Farmers can use the information and guidance on iCow to maximize their earning potential. iCow is accessible to farmers who can only afford older mobile phone models because it runs on SMS.
The once-outdated telecommunications infrastructure in Kenya is currently among the most advanced in all of Africa. Kenyans living in urban areas can easily access fast and low-cost internet.
Rural communities' internet infrastructure is catching up. The percentage of internet subscribers climbed from 29.6% in 2017 to 41.1% in 2018. In Kenya, 97.8% of people had a cell phone plan as of June 2018.
In 2010, Nairobi's iHub, a coworking space with a focus on technology, launched. Numerous tech businesses, researchers, and business owners are now housed there. Foreign VCs and multinational corporations like Google and Microsoft have been drawn to Nairobi's other digital incubators and innovation hubs, including iHub.
The amount of money invested in tech startups increased by 92.7 million USD in 2017 to 147 million. The Next Einstein Forum, Africa's premier scientific and technology conference, will take place in Nairobi in 2020.
Kenya is prepared to use artificial intelligence (AI) technology solutions, according to a report by the International Development Research Center and Oxford Insights.
Chatbots that monitor sexual and reproductive health are among the AI technologies used in Kenya. Only 20 to 40% of Kenya's smaller enterprises have incorporated contemporary IT solutions into business operations, compared to 78% of the country's largest corporations.

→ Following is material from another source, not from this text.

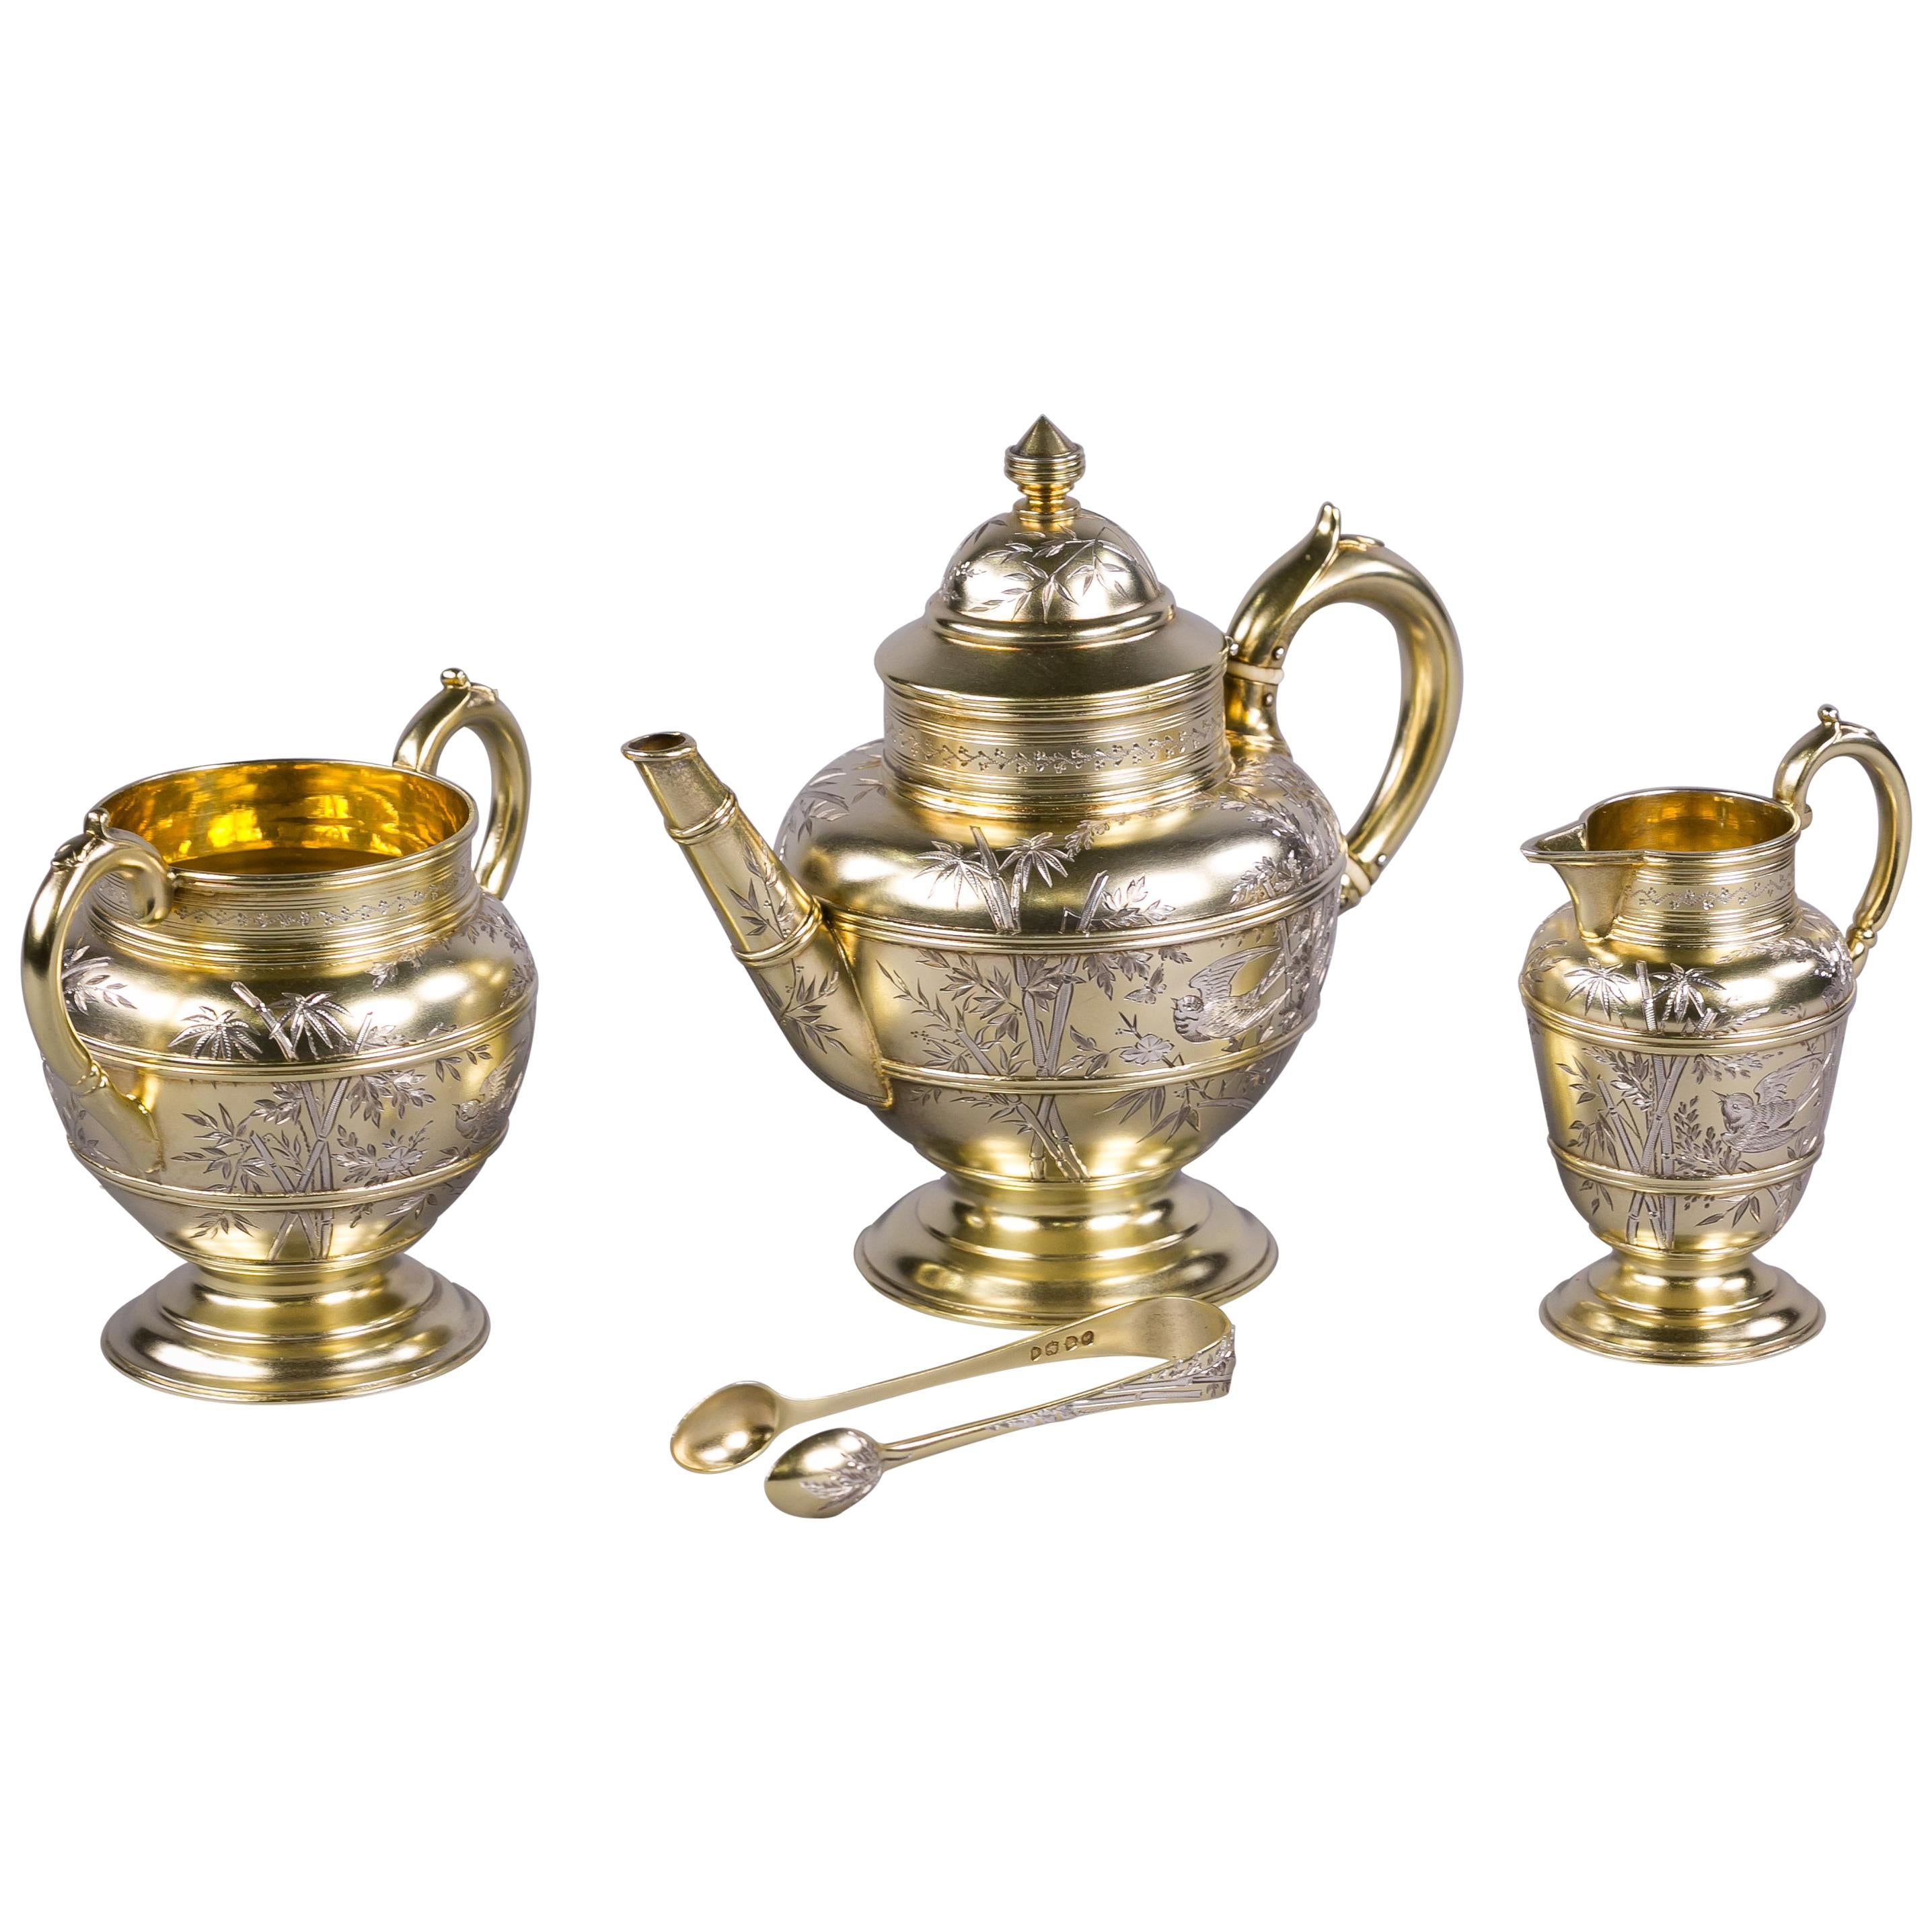 Four Piece English Parcel-Gilt Silver Bachelor Tea Service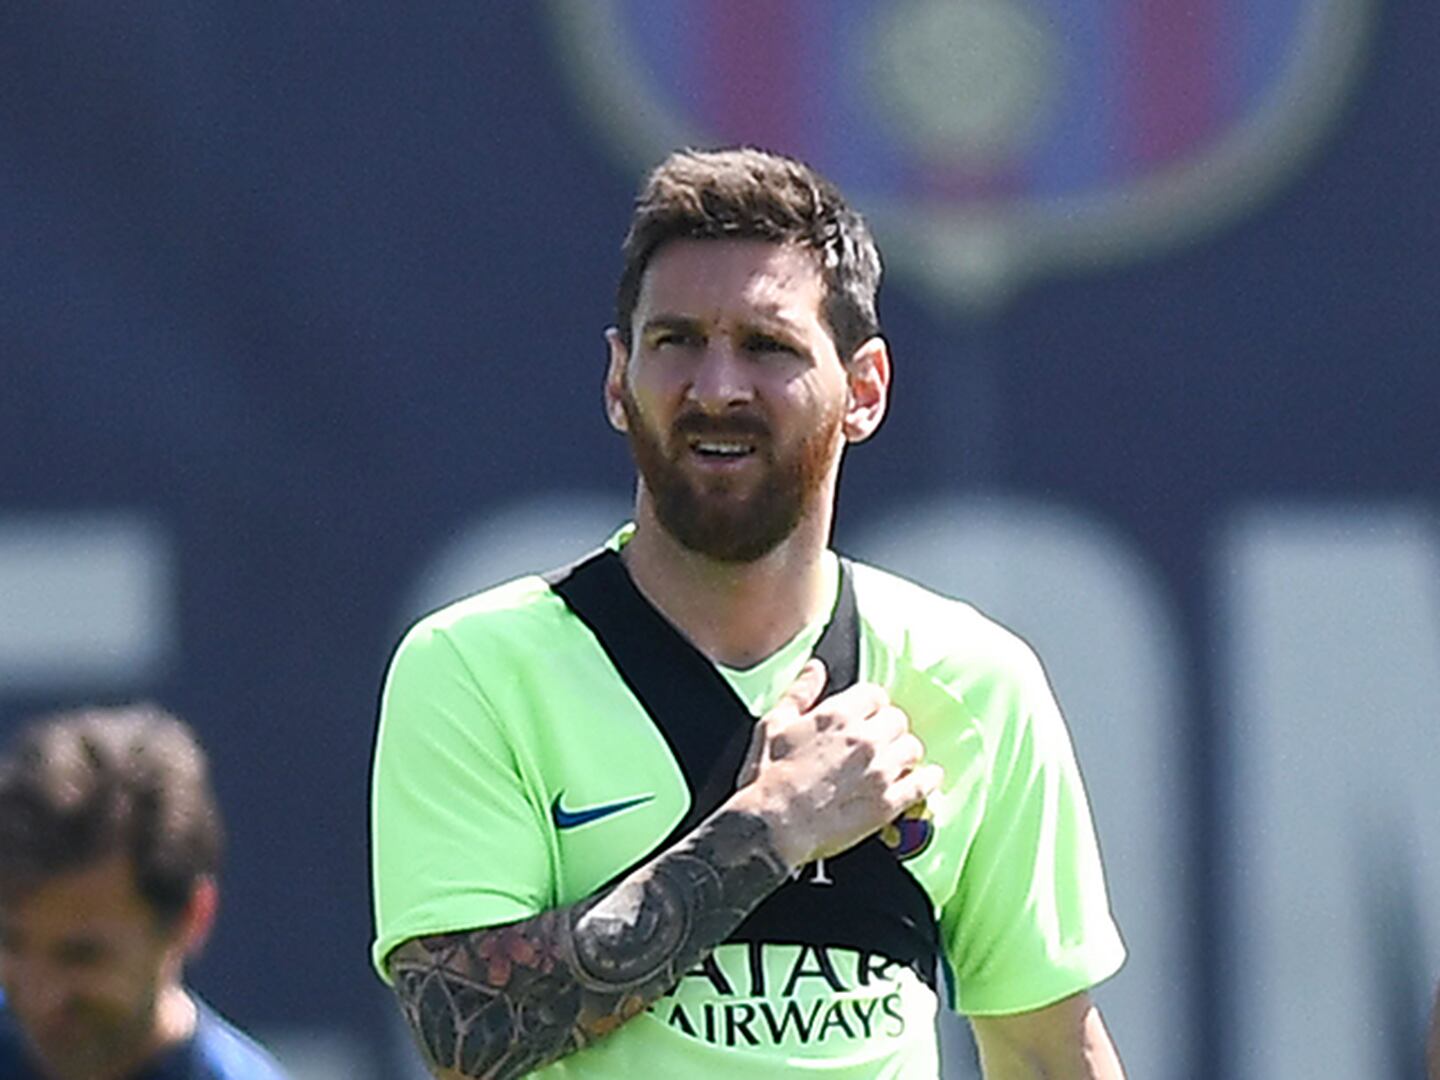 La opinión de Messi sobre Valverde, el nuevo técnico de Barcelona

The government increased its investment in Kenya's new industry as a result of the country's early success in the digital sector. iHub and the national Internet communications technology board collaborated on a number of initiatives.
The government also implemented Vision 2030, a plan to build the foundational infrastructure required for further IT advancement. Even the planning and construction of a brand new city envisioned as a major IT hub are in the works. The price tag for these proposals could reach $7 billion USD.
A quick stroll around Kenya's flea markets will show a variety of jewelry and home furnishings created there. Among them are kiondos and kikapus (baskets). Additionally, only found in Kenya are sandstone carvings, beadwork, and glasswork. These objects are quite unique and look fantastic as décor in houses all over the world.
Many people are unaware that the cloth used by several fashion designers, kikoy, originated in Kenya. It produces excellent clothes, apparel, beach towels, curtains, and home furnishings. Even bed sheets, bags, and pants can be made from the kikoy cloth by certain people.
In terms of broadband connectivity, general ICT infrastructure, value-added services (VAS), mobile money, mobile banking, and FinTech services, Kenya is the region's ICT hub for East Africa.
Since its early 20s, Kenya has made a commitment to technology. The Konza Technopolis City project, which aims to build a powerhouse of technological innovation in Africa, got things started with the Vision 2030 economic strategy.
With an average yearly growth rate of 5.9% between 2010 and 2018, Kenya was one of the fastest-growing economies in Africa prior to the COVID-19 outbreak. Kenya just attained lower-middle-income status with a GDP of $95 billion, and it has effectively built a broad and dynamic economy.
Kenya technology sector has quickly developed into a significant portion of the country's economy, although it is still in its early stages. These seven technological facts about Kenya demonstrate the nation's creativity and significant strides in increasing public access to technology.